**Required work:** Which lines in the records below contain the word "make"? Copy each of them.

------ Supplied data ------

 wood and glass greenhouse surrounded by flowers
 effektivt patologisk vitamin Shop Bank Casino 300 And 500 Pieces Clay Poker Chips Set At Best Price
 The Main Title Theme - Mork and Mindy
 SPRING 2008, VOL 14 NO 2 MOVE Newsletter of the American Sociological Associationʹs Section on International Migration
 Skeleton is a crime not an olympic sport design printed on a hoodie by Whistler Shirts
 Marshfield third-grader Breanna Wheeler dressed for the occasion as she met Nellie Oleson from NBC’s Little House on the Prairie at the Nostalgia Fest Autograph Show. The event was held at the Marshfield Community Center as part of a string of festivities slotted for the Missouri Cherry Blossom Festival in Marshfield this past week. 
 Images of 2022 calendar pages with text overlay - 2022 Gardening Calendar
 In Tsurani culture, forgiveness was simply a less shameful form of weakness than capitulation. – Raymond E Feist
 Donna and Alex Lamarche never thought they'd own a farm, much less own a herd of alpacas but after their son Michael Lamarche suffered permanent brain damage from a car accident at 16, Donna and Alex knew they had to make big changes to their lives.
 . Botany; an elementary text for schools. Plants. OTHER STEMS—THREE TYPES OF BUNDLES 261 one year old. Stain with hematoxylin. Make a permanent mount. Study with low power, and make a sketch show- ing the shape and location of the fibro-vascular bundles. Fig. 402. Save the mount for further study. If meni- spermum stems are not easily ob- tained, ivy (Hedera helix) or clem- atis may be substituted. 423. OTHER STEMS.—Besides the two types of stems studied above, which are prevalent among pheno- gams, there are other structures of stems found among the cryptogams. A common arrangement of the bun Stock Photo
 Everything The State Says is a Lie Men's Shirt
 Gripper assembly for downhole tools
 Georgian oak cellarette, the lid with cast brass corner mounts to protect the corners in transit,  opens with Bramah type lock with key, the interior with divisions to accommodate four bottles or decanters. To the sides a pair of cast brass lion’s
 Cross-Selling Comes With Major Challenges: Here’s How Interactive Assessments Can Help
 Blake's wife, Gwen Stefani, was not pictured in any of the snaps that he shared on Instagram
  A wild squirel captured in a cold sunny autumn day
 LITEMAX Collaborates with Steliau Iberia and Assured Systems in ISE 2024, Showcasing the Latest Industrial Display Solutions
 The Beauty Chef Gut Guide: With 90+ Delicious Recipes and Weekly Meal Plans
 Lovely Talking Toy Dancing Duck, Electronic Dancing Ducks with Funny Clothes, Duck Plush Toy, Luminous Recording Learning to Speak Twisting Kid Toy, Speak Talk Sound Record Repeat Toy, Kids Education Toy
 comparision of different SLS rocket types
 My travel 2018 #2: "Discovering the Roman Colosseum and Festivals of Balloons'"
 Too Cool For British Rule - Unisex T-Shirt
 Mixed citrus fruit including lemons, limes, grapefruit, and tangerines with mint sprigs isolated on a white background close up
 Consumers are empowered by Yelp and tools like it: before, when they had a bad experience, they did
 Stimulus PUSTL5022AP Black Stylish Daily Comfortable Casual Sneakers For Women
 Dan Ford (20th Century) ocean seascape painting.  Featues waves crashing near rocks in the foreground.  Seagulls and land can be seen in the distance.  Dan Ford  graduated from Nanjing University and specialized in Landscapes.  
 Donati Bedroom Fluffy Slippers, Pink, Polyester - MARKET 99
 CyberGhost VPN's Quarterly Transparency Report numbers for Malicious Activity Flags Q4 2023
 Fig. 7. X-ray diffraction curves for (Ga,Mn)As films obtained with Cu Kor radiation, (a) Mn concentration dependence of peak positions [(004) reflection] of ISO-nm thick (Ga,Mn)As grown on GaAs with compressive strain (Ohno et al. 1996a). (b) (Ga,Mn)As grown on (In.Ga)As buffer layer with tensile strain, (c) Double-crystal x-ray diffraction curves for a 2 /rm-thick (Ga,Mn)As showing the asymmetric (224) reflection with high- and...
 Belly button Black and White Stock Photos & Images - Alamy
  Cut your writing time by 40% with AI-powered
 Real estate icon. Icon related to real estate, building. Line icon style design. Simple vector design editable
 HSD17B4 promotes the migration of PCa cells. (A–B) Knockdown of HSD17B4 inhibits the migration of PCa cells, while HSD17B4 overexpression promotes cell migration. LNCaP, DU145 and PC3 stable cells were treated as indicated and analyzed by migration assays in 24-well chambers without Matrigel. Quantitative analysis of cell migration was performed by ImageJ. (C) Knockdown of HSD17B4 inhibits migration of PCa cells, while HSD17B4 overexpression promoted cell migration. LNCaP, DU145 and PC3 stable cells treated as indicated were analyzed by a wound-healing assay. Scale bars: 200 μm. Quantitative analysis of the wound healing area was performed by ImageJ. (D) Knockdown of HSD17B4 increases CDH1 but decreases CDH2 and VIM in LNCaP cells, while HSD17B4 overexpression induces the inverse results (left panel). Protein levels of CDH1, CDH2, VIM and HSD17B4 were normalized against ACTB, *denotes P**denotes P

------

**Output of the task:**
 Donna and Alex Lamarche never thought they'd own a farm, much less own a herd of alpacas but after their son Michael Lamarche suffered permanent brain damage from a car accident at 16, Donna and Alex knew they had to make big changes to their lives.
 . Botany; an elementary text for schools. Plants. OTHER STEMS—THREE TYPES OF BUNDLES 261 one year old. Stain with hematoxylin. Make a permanent mount. Study with low power, and make a sketch show- ing the shape and location of the fibro-vascular bundles. Fig. 402. Save the mount for further study. If meni- spermum stems are not easily ob- tained, ivy (Hedera helix) or clem- atis may be substituted. 423. OTHER STEMS.—Besides the two types of stems studied above, which are prevalent among pheno- gams, there are other structures of stems found among the cryptogams. A common arrangement of the bun Stock Photo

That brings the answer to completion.